22.3: The stuff in the Bucket – a Surprise – the Men about the City – how Things are Done

The stuff in the bucket’s thick, frothed with iridescent bubbles around the edge of it, creamily flat in the center, and all a milky white that’s warmed with hints of gold. “I just,” says Jo, “pour it in?”

In the tub Ysabel nods, steaming water up to her chin, droplets shining silvery in the darkness of her short short hair. “All at once?” says Jo. “Or slow and steady, maybe drizzle it around?”

“It’ll be slow,” says Ysabel. She opens her eyes. “Which do you have?”

“Uh,” says Jo, her hand on the bucket, “this is North’s. The, I guess the Hare, now?”

“Pour yours first,” says Ysabel.

“Mine.”

“Yes,” says Ysabel, closing her eyes. “Yours.”

“Okay,” says Jo. “Okay.” Shifting the bucket to one side she reaches for the growler, unscrews the cap of it with a fluted pop. Heaving the weight of it up in her arms she sidesteps back to the tub and a boom as she sets it on the edge, balanced at an angle in her hands. “Okay,” she says. “Here we go.” Tipping the growler, leaning it scraping the edge of the tub, “whoops,” and a sucking oozing glug of a sound, a drop, gathering itself in the mouth of the jug, swelling and sagging, distending, slipping the lip of it falling reluctant paloop to the water where it unfolds, clouds of white, billowing open, shreds and tatters spreading, over Ysabel.

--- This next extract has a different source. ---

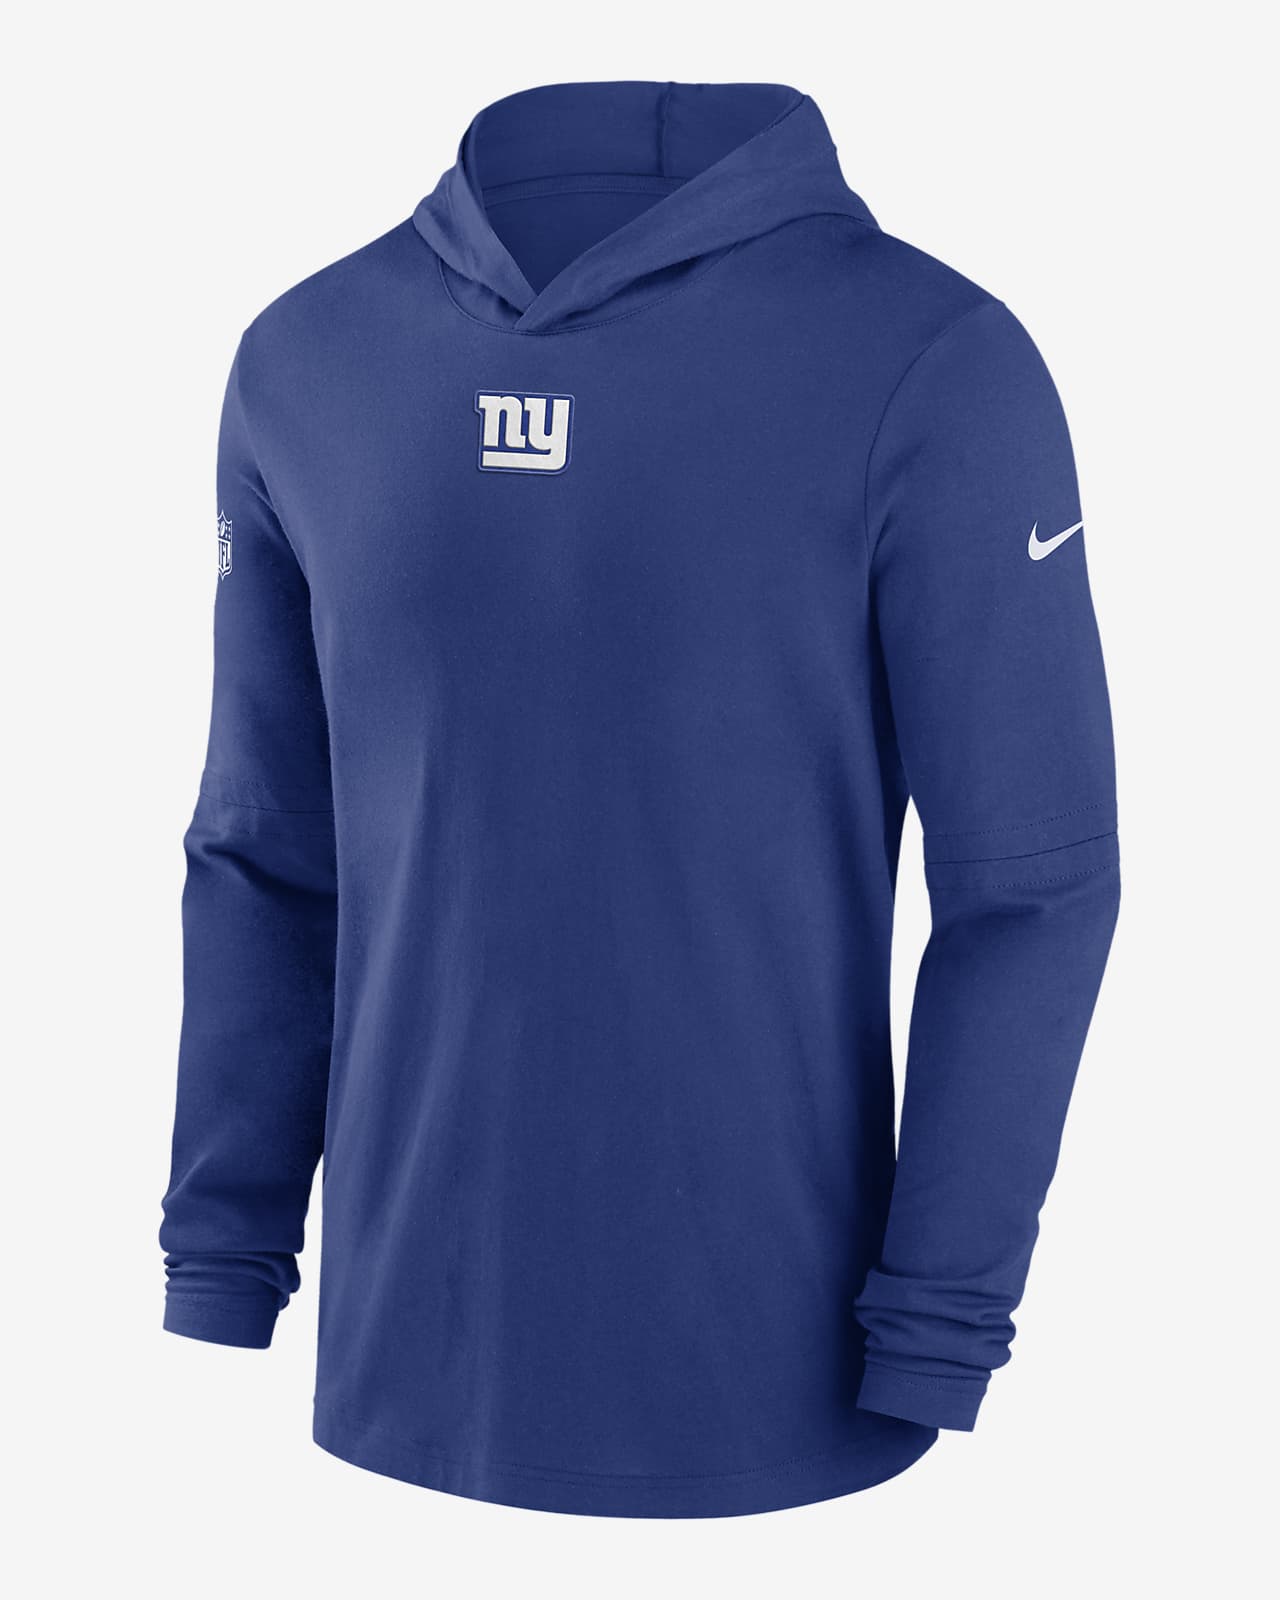 New York Giants Sideline Men's Nike Dri-FIT NFL Long-Sleeve Hooded Top. Nike .com

“Gallowglas?” says Luys, a down vest over his yellow chamois shirt.

Above him Jo’s stopped on the landing, a hand on the railing of the next flight up. “There’s only two storeys,” she says. “This building only had two storeys, outside.”

“Three one two,” says Luys.

“I don’t think,” says Jo, scowling past him to the ground floor below, “this is a storage unit.”

“No,” says Luys. “It isn’t.”

That next flight ends in a narrow landing, just large enough for them both to stand before a plain brown door. Black numerals, a three, a one, a two, hung above a peephole, the rim of it pitted with rust. Jo lifts a hand knuckled to knock, lowers it, looking over at Luys. He shrugs. She lifts it again when someone inside, Ysabel, calls out, “It’s open!”

Jo opens the door.

The room beyond an airy kitchen, white and blue and stainless steel, and on the counter there a mound of roses, yellow, white, pink and orange, mottled red and white, striated, a deep rich red that’s almost black among the dark green leaves. “Ysabel?” says Jo, stepping in, followed by Luys. Past that counter down three low steps an open room, windows to the left and right in walls that narrow to a point and there stands Ysabel in her grey suit, smiling. On a sofa to one side a man in a brown suit coat, and on the cushions beside him a briefcase veneered in some lightly colored wood. He gruffly pushes himself to his feet as Luys inclines his head, a bow, “Majesty,” he says.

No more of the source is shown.